How does fertilizer shortage affect food supply?
What the FAO warning says
The FAO has warned that fertiliser shortages tied to disruption in the Strait of Hormuz shipping corridor will likely reduce harvests and worsen food supply conditions over the next two years.
The causal chain
The mechanism is straightforward: when shipping disruptions constrain movement of fertiliser, farmers have less access to inputs needed to maintain crop yields. Lower fertiliser availability then translates into reduced harvest volumes, which can tighten food availability and put upward pressure on prices.
Why this matters
This kind of upstream supply shock is important because it can propagate beyond the immediate shipping disruption. Even if transport routes normalize later, the warning points to a multi-year impact window—meaning that shortages can be reflected in planting seasons and crop performance over time.
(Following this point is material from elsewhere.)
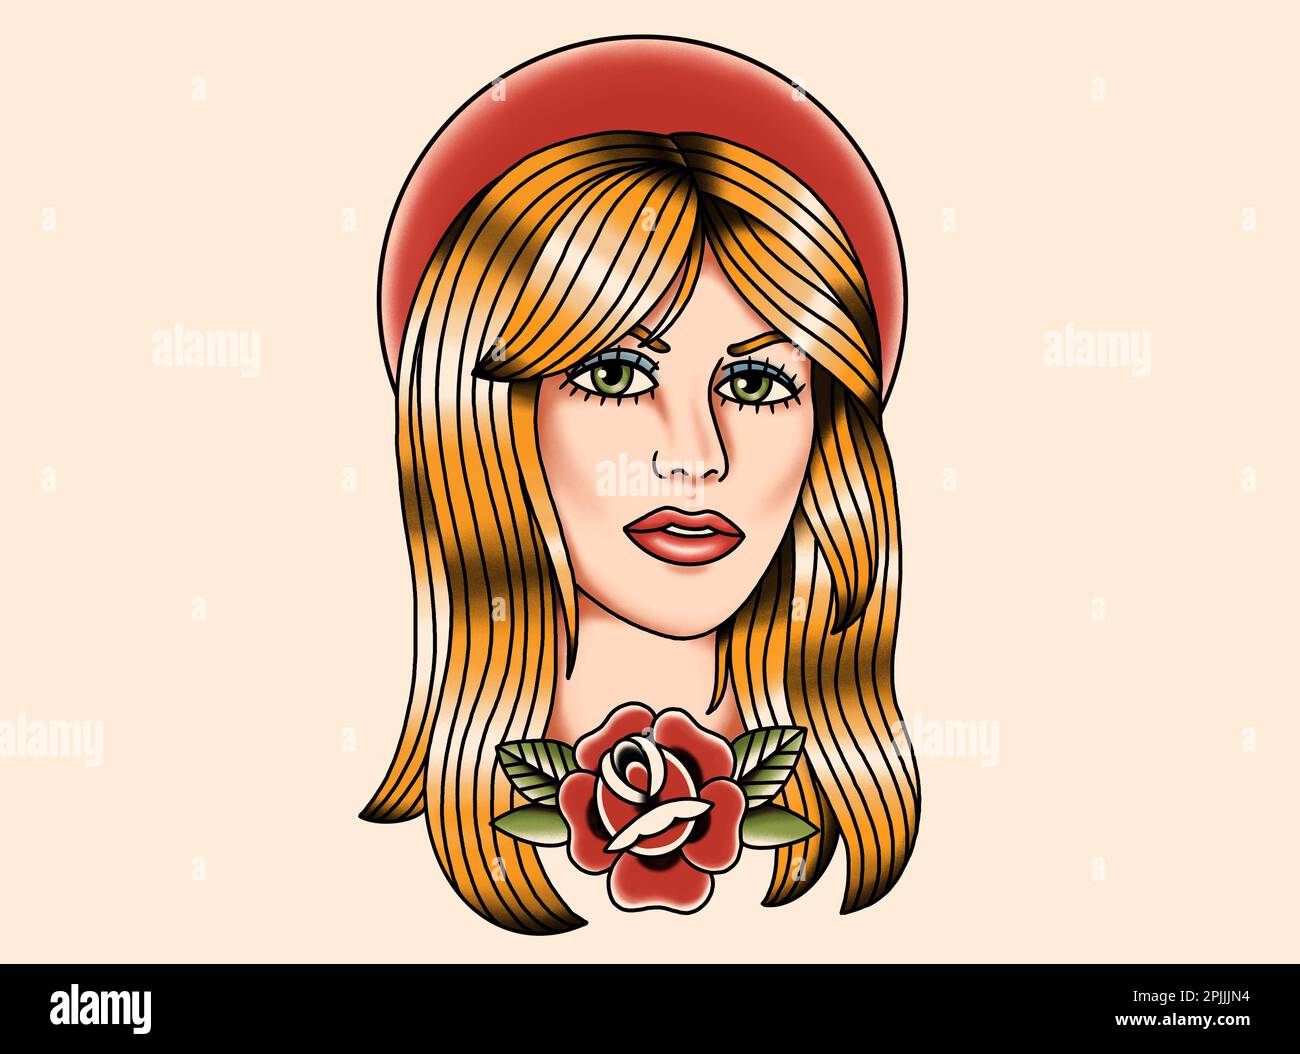 Blond Woman face portrait full colored drawing inspired by the old school traditional tattoo art style Stock Photo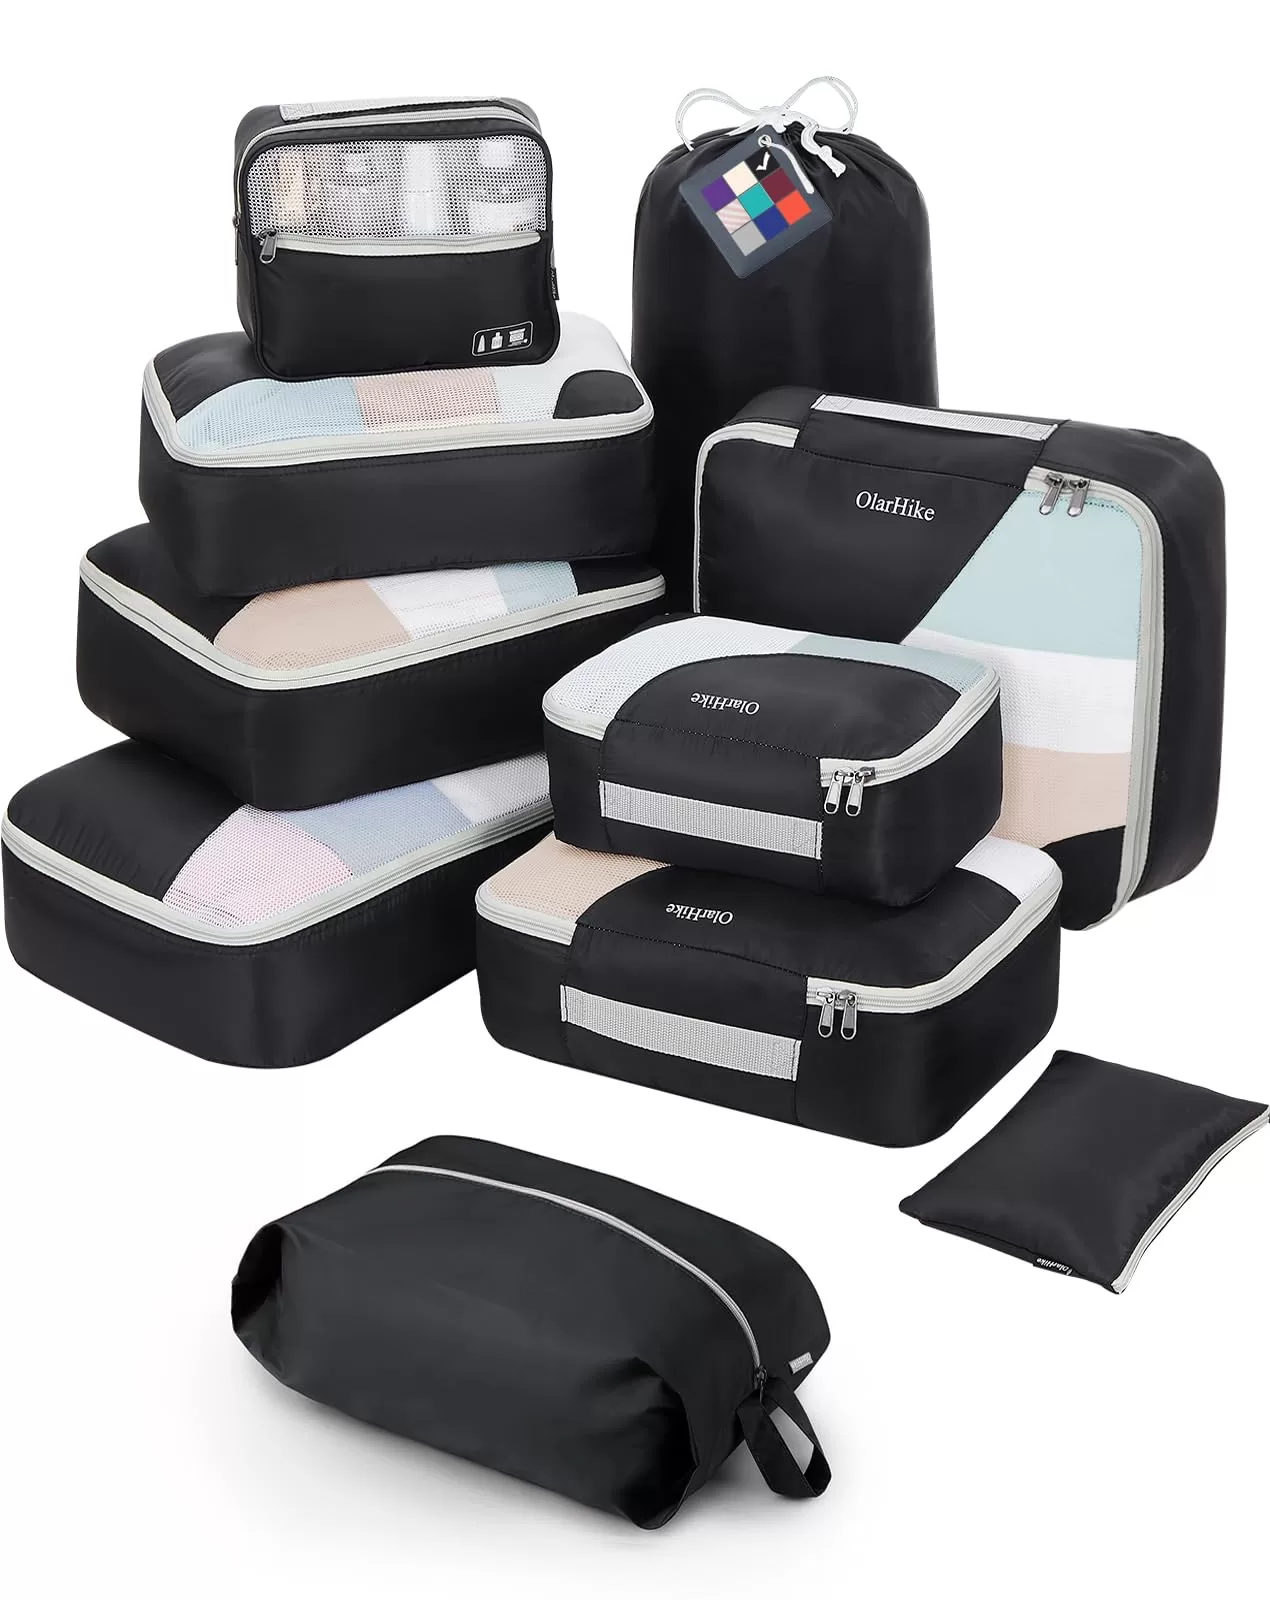 Best Packing Cubes for Travel in black

For consumers, the most visible impacts are often felt through retail prices and availability. For supply chain planners, the concern is that uncertainty around fertiliser availability can complicate production forecasts and procurement decisions for grains and other key crops.
- Disruption in a major shipping corridor affects fertiliser availability.
- Reduced fertiliser can lower harvest yields.
- The expected effect spans the next two years.
No finer details were provided in the excerpt about which fertiliser types, which regions would be most affected, or how quickly the market might rebalance.